The Monarch Monitoring Project is a long-term study on monarch migration through Cape May, NJ. It is a part of the New Jersey Audubon Research Department, and closely affiliated with the Cape May Bird Observatory.

Monday, September 2, 2013

The Monarch Season Has Officially Begun!

Hello all! It is finally the official beginning of monarch season in Cape May! Sunday marked the official start to the season with a few flutters of orange painting the sky and appearing in local gardens. Daily census runs have started 3x daily so if you live in the area and are stuck behind a black slow moving vehicle covered in stickers... well that's me, Samm Wehman the new monarch intern doing one of these surveys.

As the new monarch monitoring project "naturalist" I would like to introduce myself.  My name is Samm Wehman and I am from Marlton, NJ but have been living in the Cape May Beach area since early spring. I have had a love for insects especially butterflies since a young age and am really enthusiastic to be working hands on with monarchs for the next 2 months. I recently graduated from Rutgers with an animal science degree w/ a minor in ecology & evolution, and hope to pursue work in the field of wildlife conservation. I just finished my first field job with NJ Division of Fish & Wildlife monitoring NJ's endangered beach nesting shorebirds (piping plovers, black skimmers, least terns, and special concern species American oystercatchers). I love nature and animals of all kinds and just hope to always contribute in some way to making our world a better place. I am also an artist on the side and specialize in customized animal artwork if you want to check it out! (http://wehman.wix.com/customanimalartwork)

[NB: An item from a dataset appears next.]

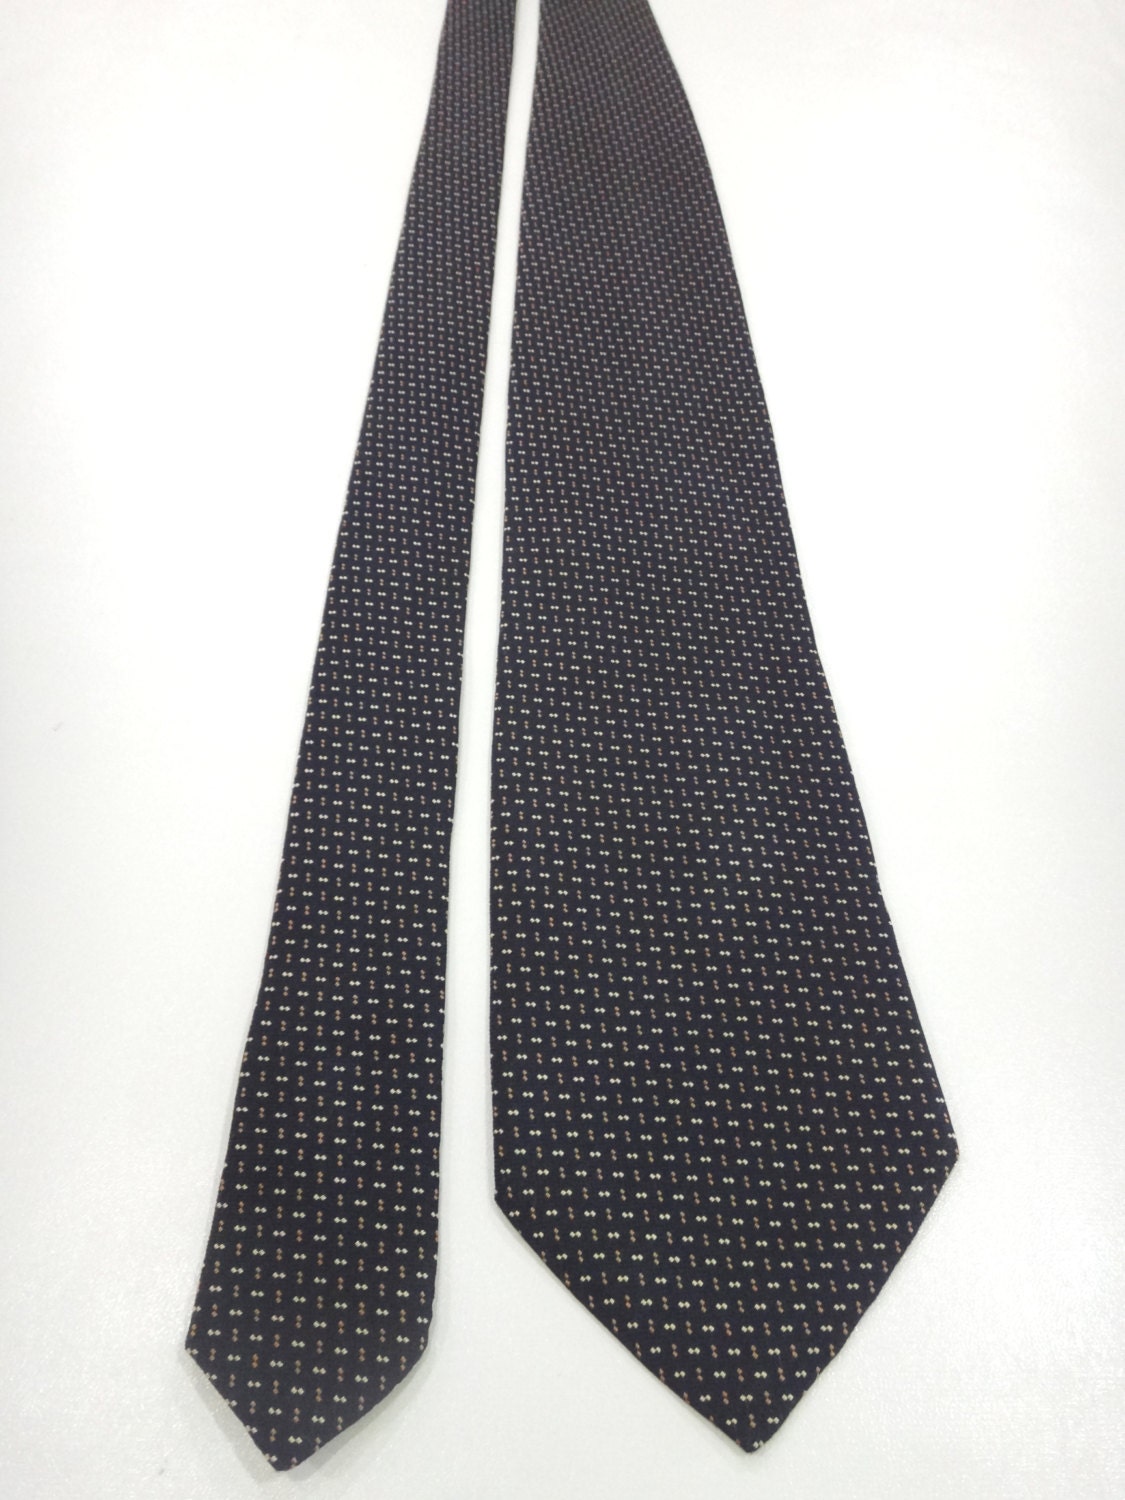 DKNY Small Dot Geometric Pattern Silk Necktie Made in Japan G – Haute Juice

Throughout September & October I'll be spending most of my time around Cape May Point catching & tagging monarchs, so keep your eye out for me and don't hesitate to say hello! If I am able to catch a monarch I would be glad to give you a personal tagging demo and answer any questions you may have about our project. Finding me is also your best bet to get some awesome handouts, bumper stickers or bookmarks too :). Currently there are monarchs starting to flutter their way around Cape May and I have seen a good number of caterpillars in local gardens; remember that the biggest way to help out (no matter where you live) is plant some milkweed and invite a monarch to lunch! 
Tagging demos will be open to the public regularly at the state park, and more details about dates and times in which you can participate will be available soon. I will try my best to update this blog often along with the project's Facebook page (www.facebook.com/CMMonarchs).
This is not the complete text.